What you are asked to do: Reproduce the entire listing exactly. Leave the pictures out.

Information shown:

┄┄┄┄┄┄┄┄┄┄

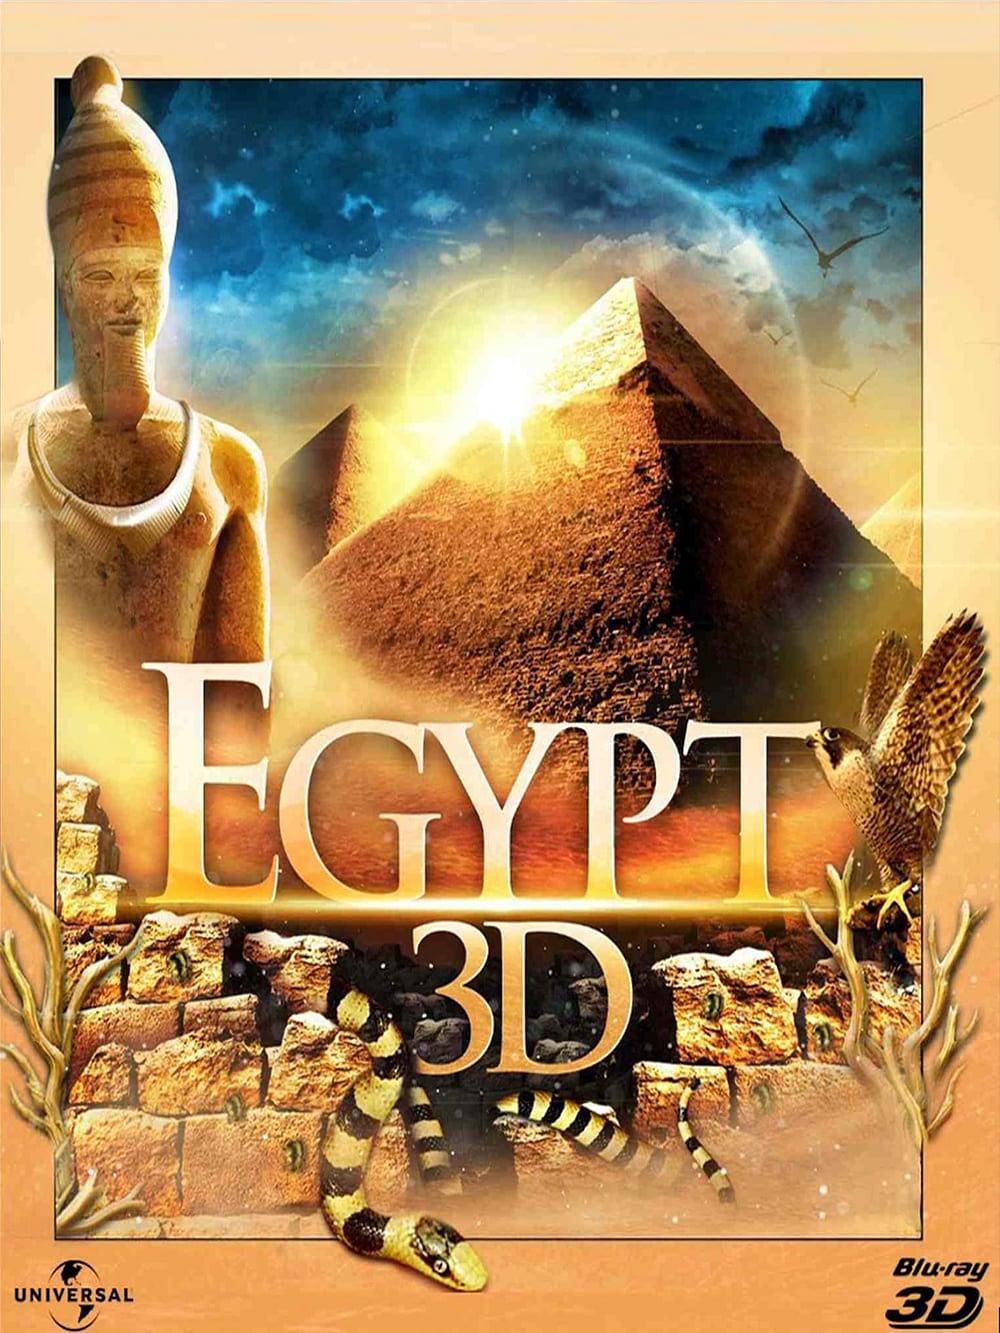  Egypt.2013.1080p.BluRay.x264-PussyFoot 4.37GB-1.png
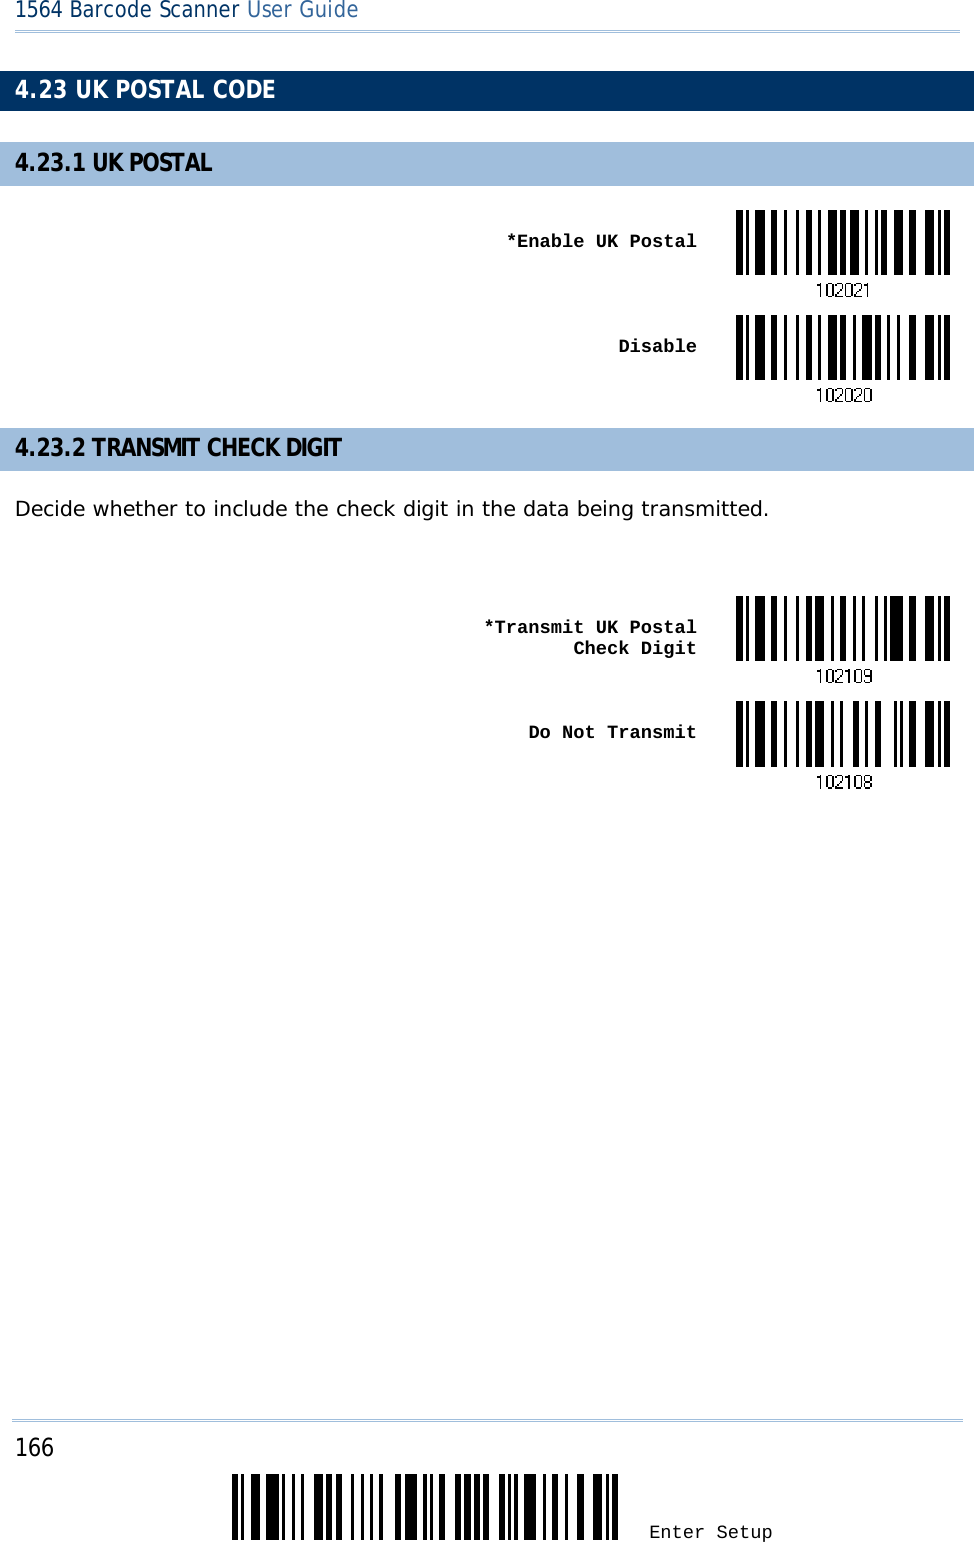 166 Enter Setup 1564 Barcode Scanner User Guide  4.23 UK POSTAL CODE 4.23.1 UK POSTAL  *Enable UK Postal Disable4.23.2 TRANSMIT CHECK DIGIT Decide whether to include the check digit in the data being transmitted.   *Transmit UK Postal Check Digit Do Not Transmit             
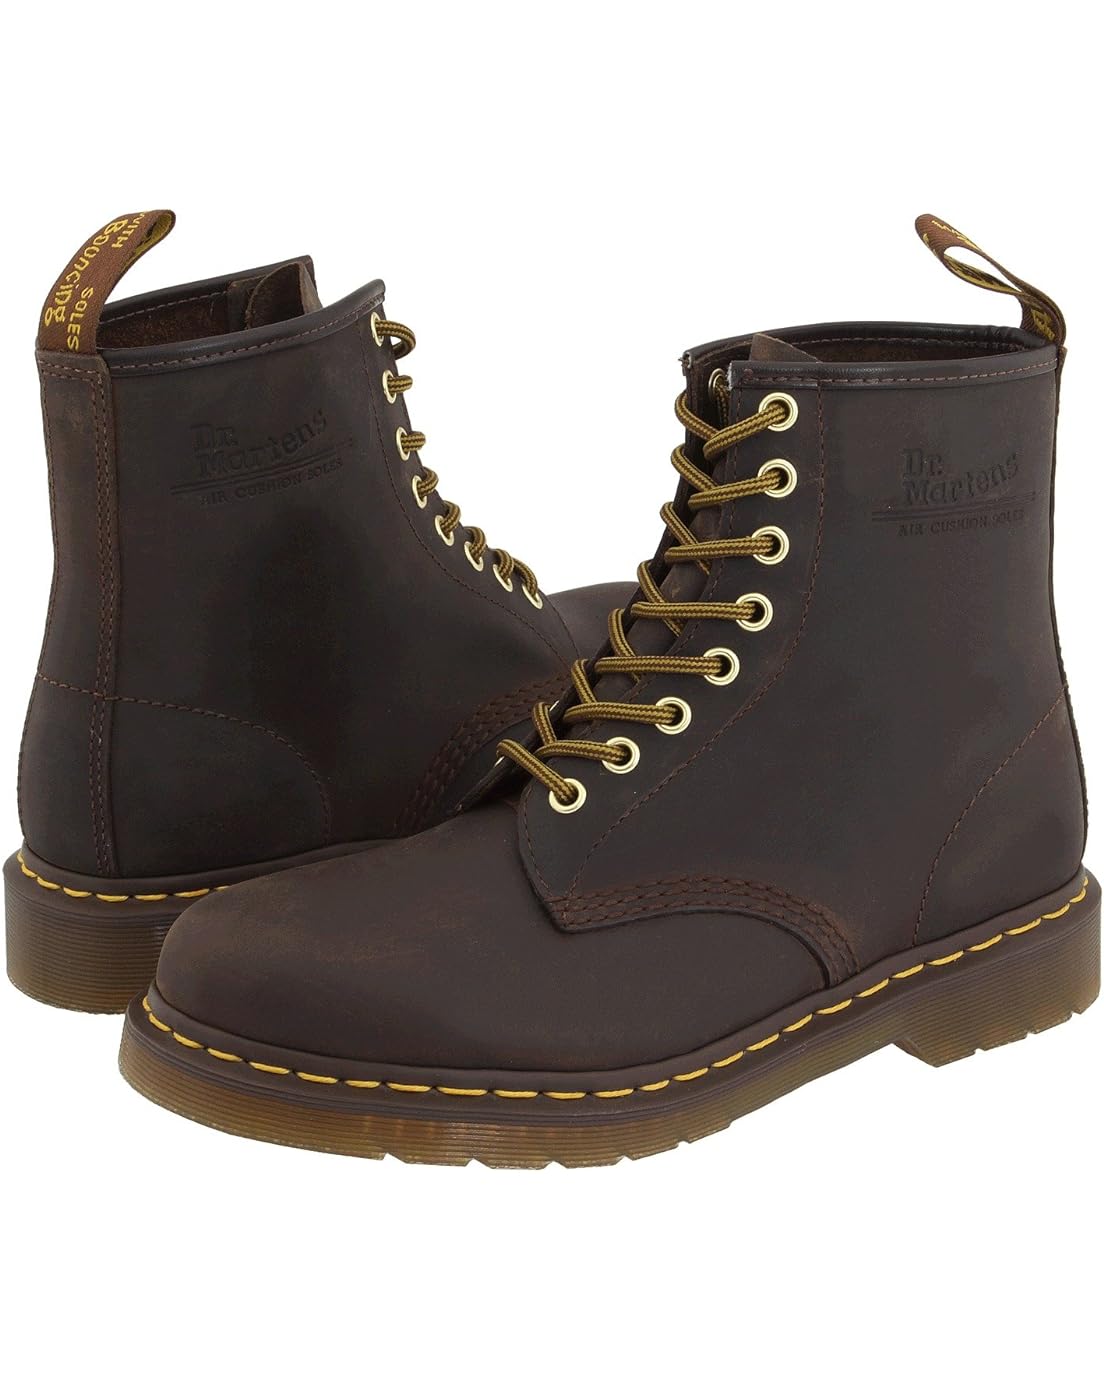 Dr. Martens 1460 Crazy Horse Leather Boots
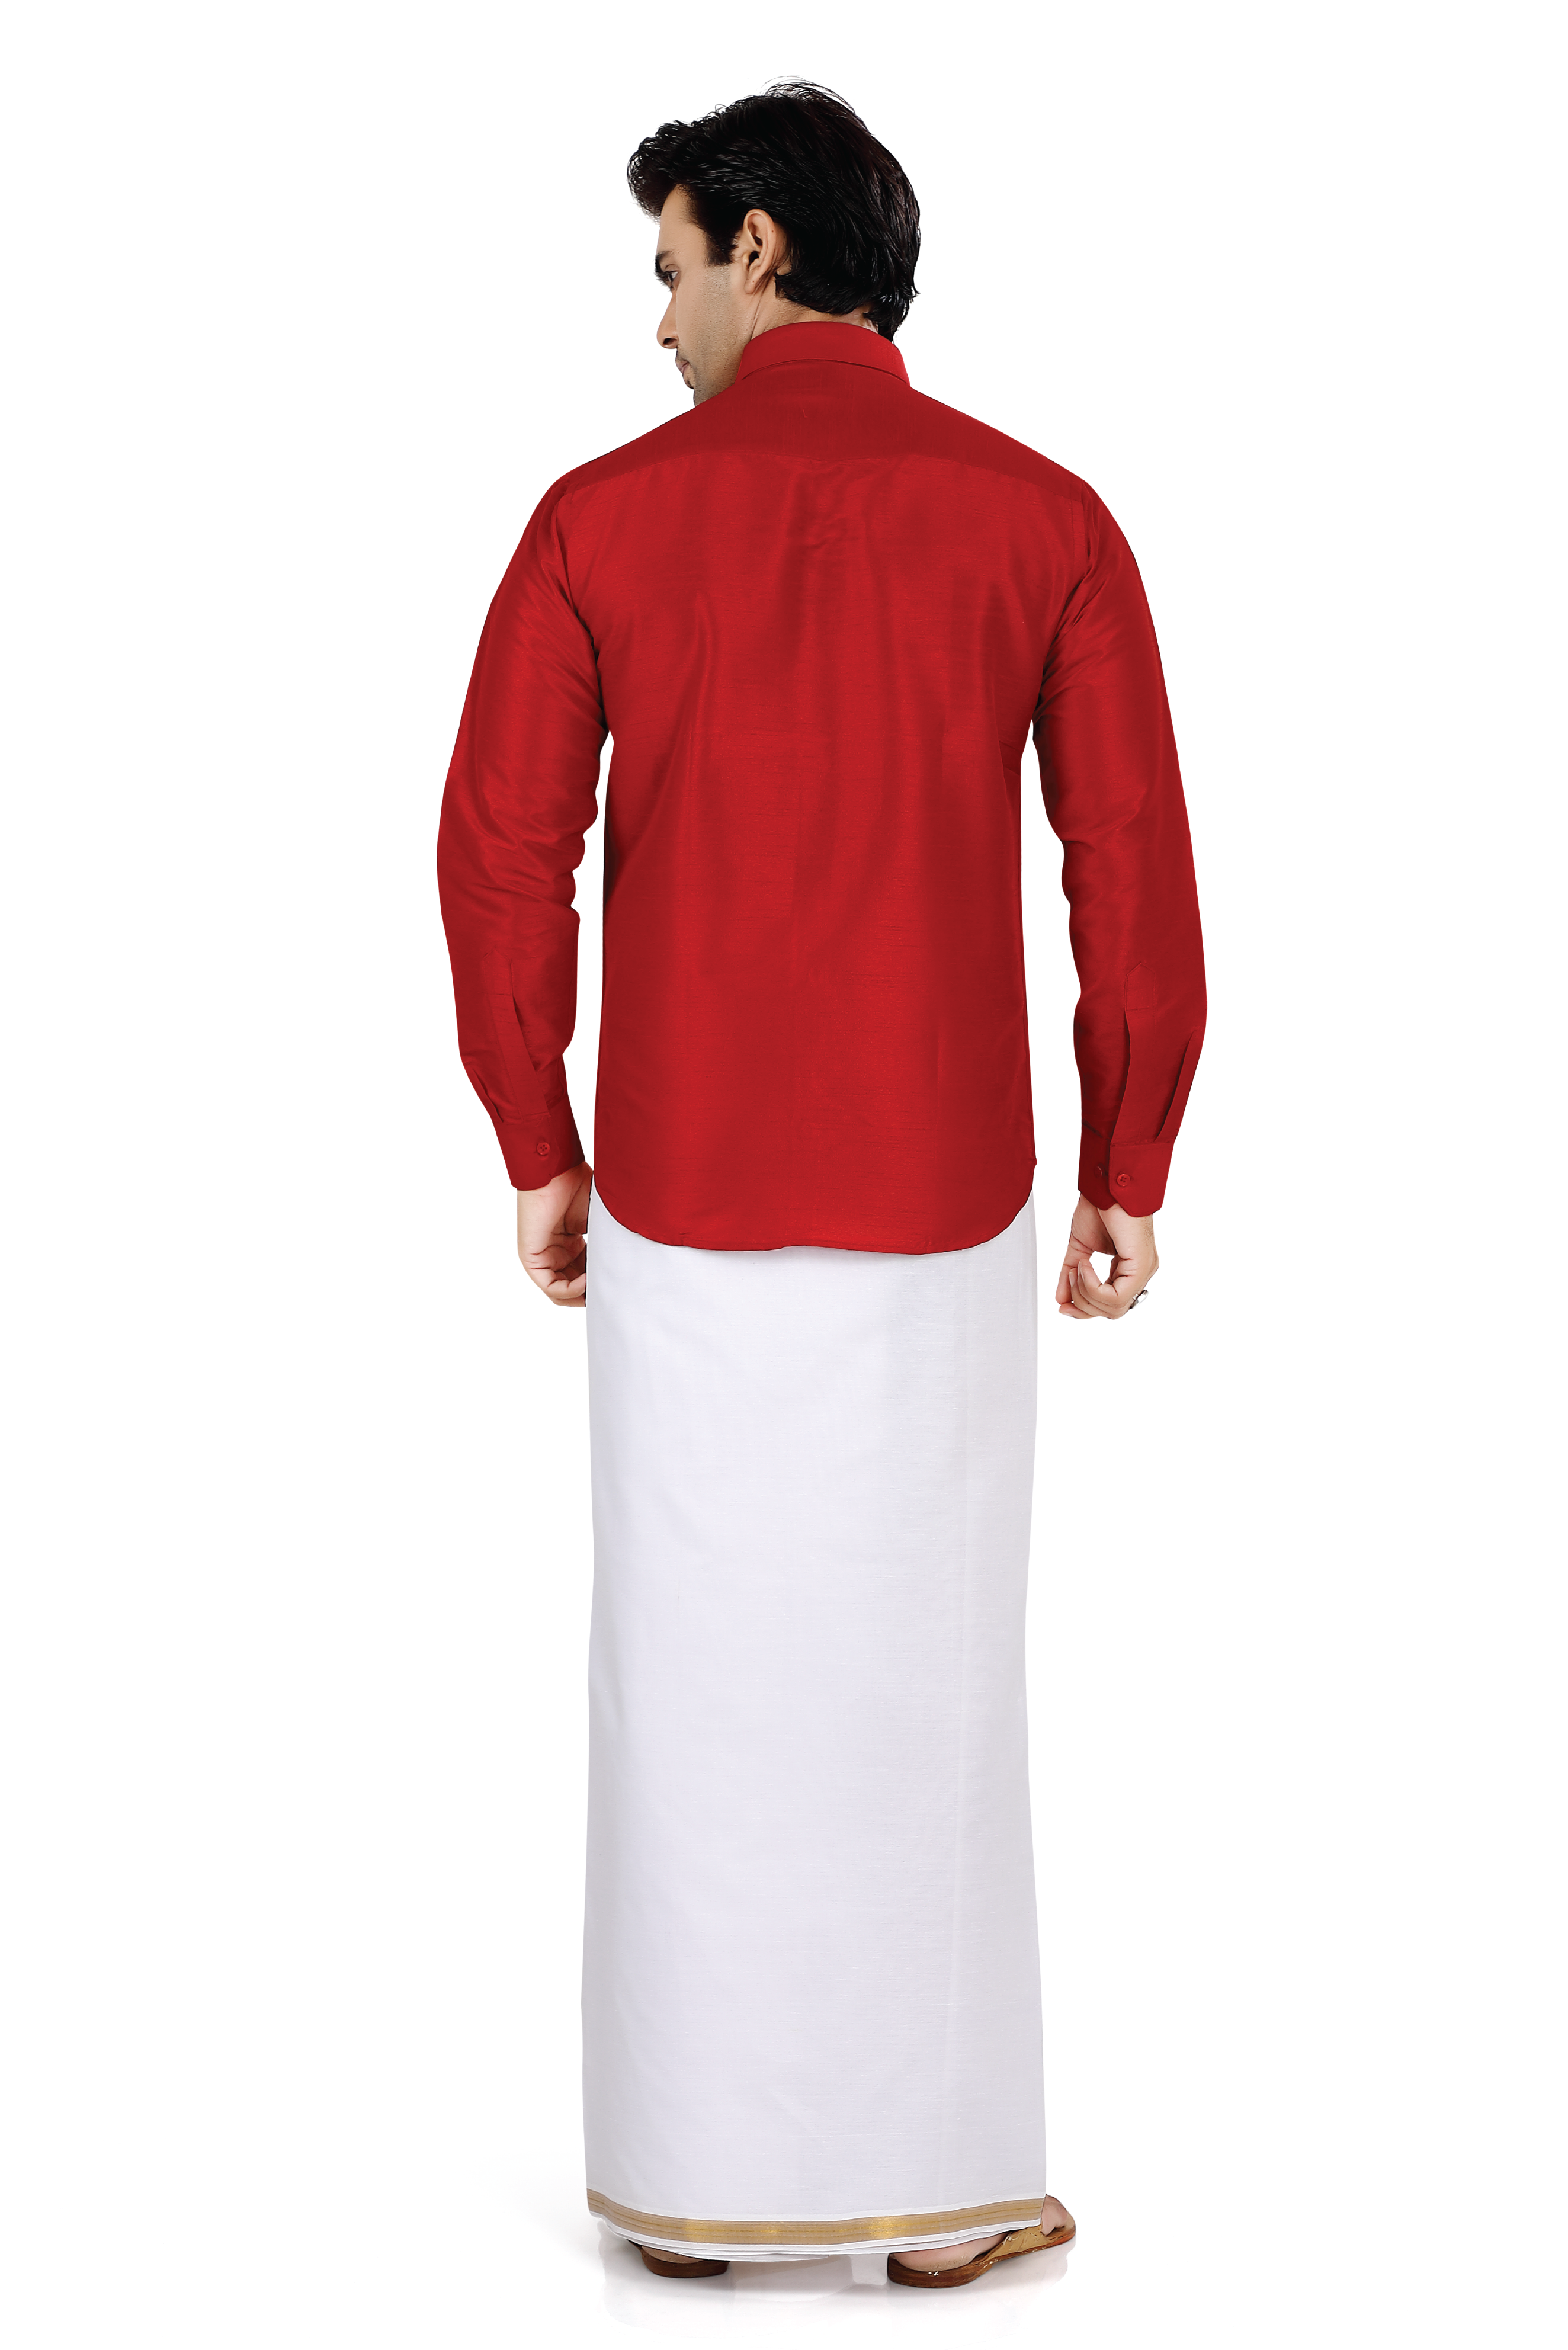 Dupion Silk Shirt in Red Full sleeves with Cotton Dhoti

┄┄┄┄┄┄┄┄┄┄

Solved exercise:
  Egypt.2013.1080p.BluRay.x264-PussyFoot 4.37GB-1.png
 166 Enter Setup 1564 Barcode Scanner User Guide  4.23 UK POSTAL CODE 4.23.1 UK POSTAL  *Enable UK Postal Disable4.23.2 TRANSMIT CHECK DIGIT Decide whether to include the check digit in the data being transmitted.   *Transmit UK Postal Check Digit Do Not Transmit             
 Dr. Martens 1460 Crazy Horse Leather Boots
 Dupion Silk Shirt in Red Full sleeves with Cotton Dhoti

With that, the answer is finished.